To focus stack you will need to take shots with different focus points. Options are to either keep the camera in one place and change the focus point with the lens or to keep the lens at one focus point and move the camera. With this I usually use the best f/stop for the lens and unless you have a focus rail then it is easier to first try out this with some careful manual focus. Some cameras can be tethered to a laptop and have software step the lens through different focus points or control a focus rail with a stepper motor. Note that you will usually lose some of the image after processing so usually need to include slightly more area in the initial image. You need to use a tripod. I use Zerene Stacker to combine the images. Depending on depth-of-field and subject it could be just a few images to over a dozen.  
I like to use a custom white balance and manual exposure so those things are not changed by the camera from shot to shot.  
I think your image as it is now is pretty good, but it could be worthwhile to try out some focus stacking just in case you really need it sometime.


----------



## Jasii (Nov 23, 2015)

Others have pitched in with the technical stuff, being a foodie myself all I can say is:
This looks scrummy! Well done mate.
Cheers!


----------



## redbourn (Nov 24, 2015)

Jasii said:


> Others have pitched in with the technical stuff, being a foodie myself all I can say is:
> This looks scrummy! Well done mate.
> Cheers!


Thanks!


----------



## redbourn (Nov 24, 2015)

Dave442 said:


> redbourn said:
> 
> 
> > Tried focus stacking for the first time but it only showed the attached which didn't seem helpful. Maybe because of my lack of knowledge on how to use it.
> ...



Thanks for the help and encouragement. I thought it would be great fun to write a cookbook. Now I cook for two days, eat the meal warm the first day and reheated the second day.

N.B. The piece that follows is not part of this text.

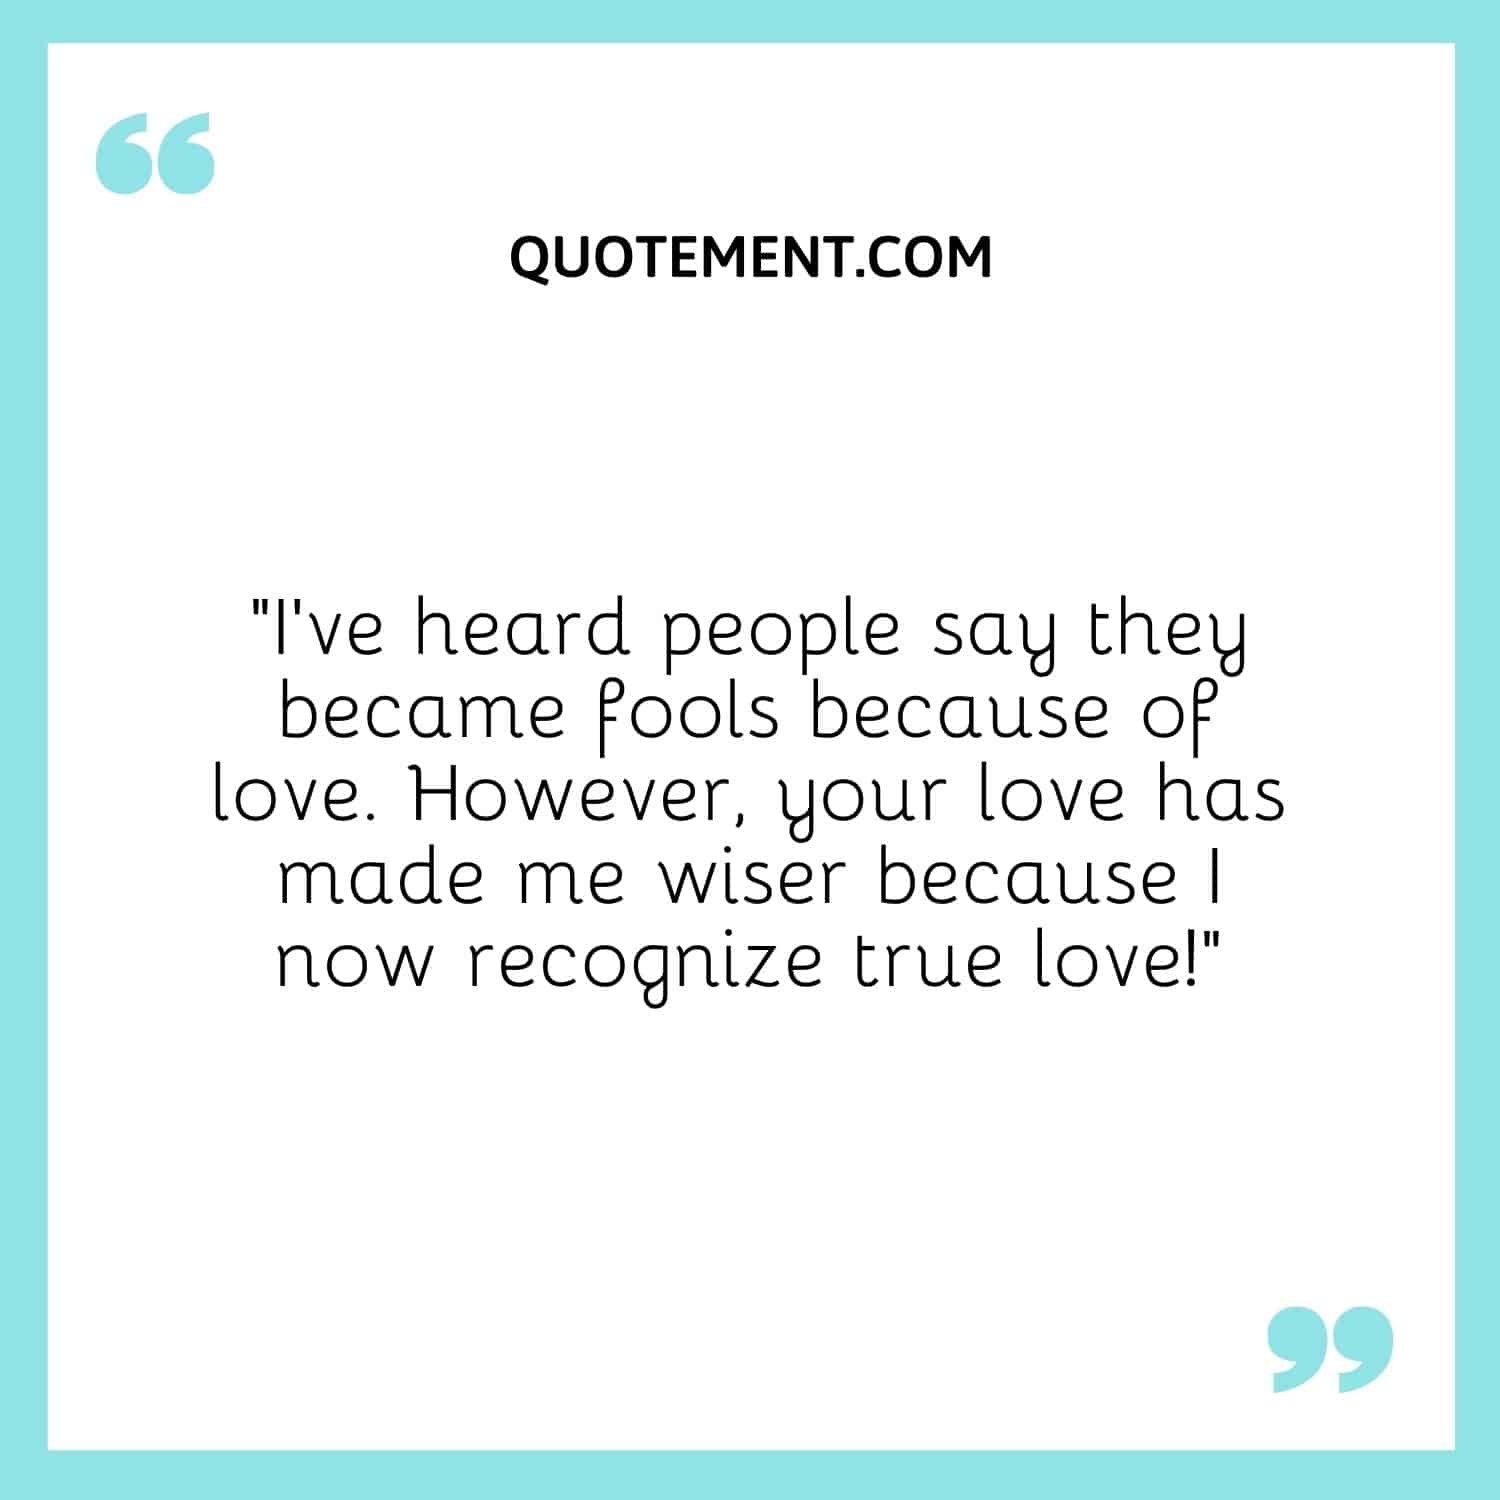 “I’ve heard people say they became fools because of love. However, your love has made me wiser because I now recognize true love!”

I used a tripod and a timer and a whole range of f stops. I will try manual focus with the software you mentioned.

Maybe I didn't use the PS focus stacker correctly. What I got didn't seem helpful.


----------



## redbourn (Nov 24, 2015)

dennybeall said:


> Looking at the shot on this laptop I do see the yellow with tints of green in the low spots of the crust. Everything else looks good though.


Thanks


----------



## redbourn (Nov 24, 2015)

OGsPhotography said:


> Garnish the pie I would, and get a little lower to include some background separation.
> 
> Looks tasty.



Thanks. Never thought about garnishing a pie.


----------



## redbourn (Nov 24, 2015)

AceCo55 said:


> I like it - looks very appetising!
> I actually like the composition - good leading lines and the colour of the vegetables brings a freshness to the pie.



Thank you.


----------



## FotosbyMike (Nov 24, 2015)

redbourn said:


> I can darken the veg in LR but not much I can do about over exposed now. What could I have done about it when shooting?

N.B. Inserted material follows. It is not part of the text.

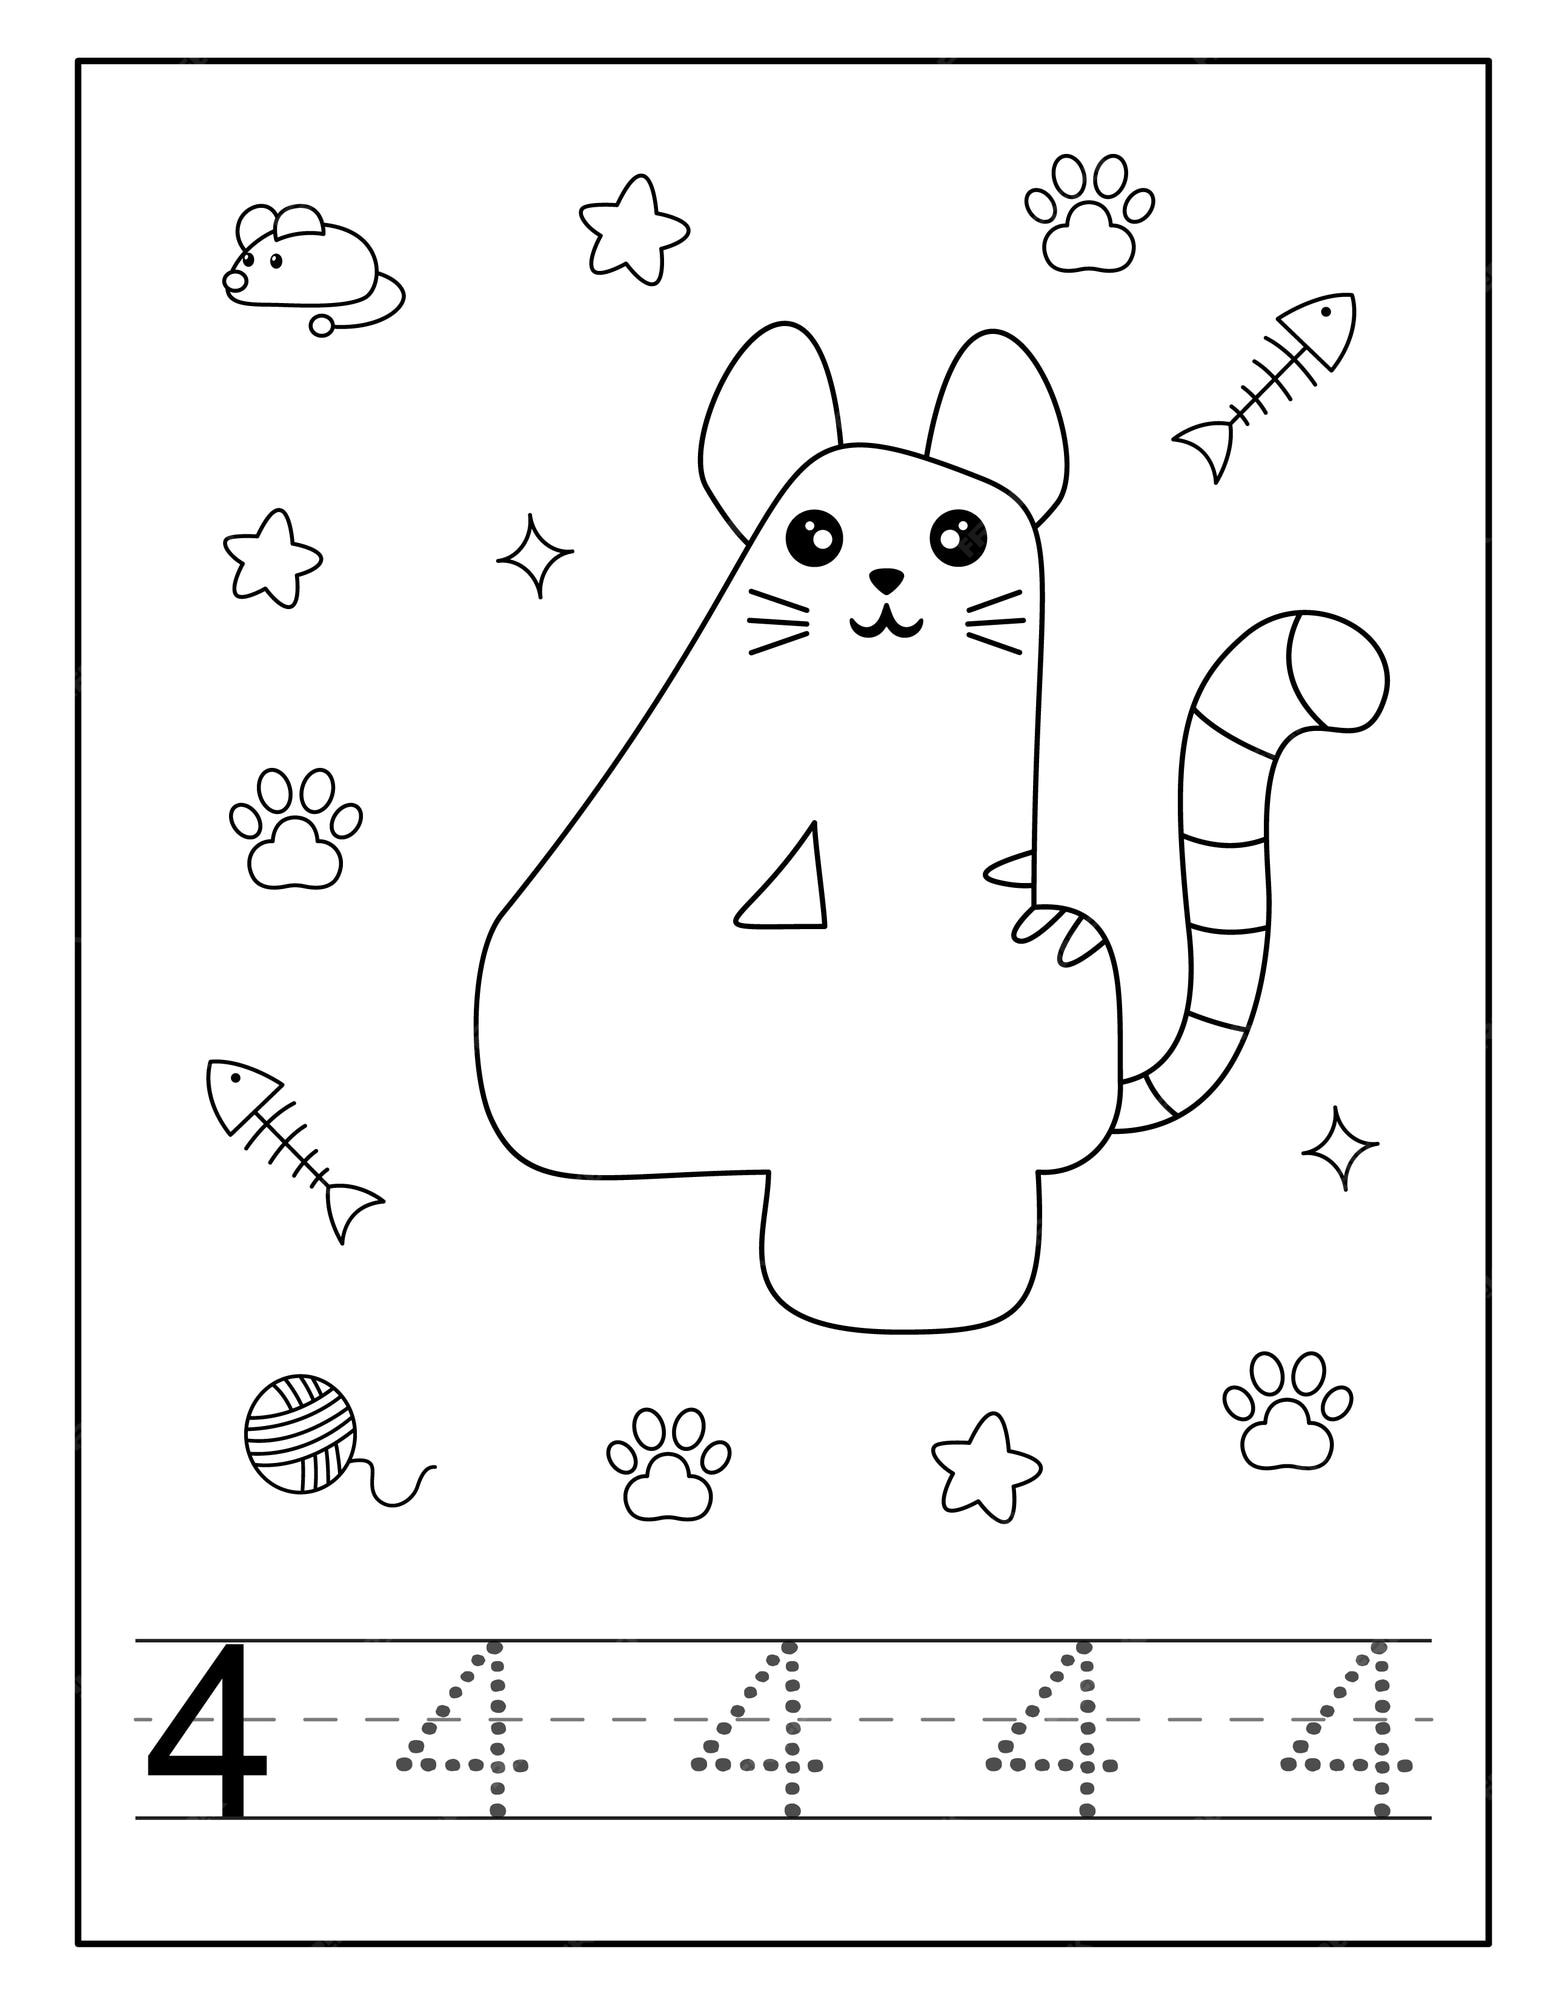 Premium vector cat style number coloring page for toddlers

There are a few things you can do easiest is to flag or block as much of the light hitting the vegs with a black card, and the second option I know it as feathering the light this is done by rotating the softbox away from the product so it is not 90 degrees to the product. Last option is taking multiple exposures one for the vegs and one for the pie then compositing them in PS. Believe it or not a lot of food and product photography is not done all in camera it is 2-10+ images composited together.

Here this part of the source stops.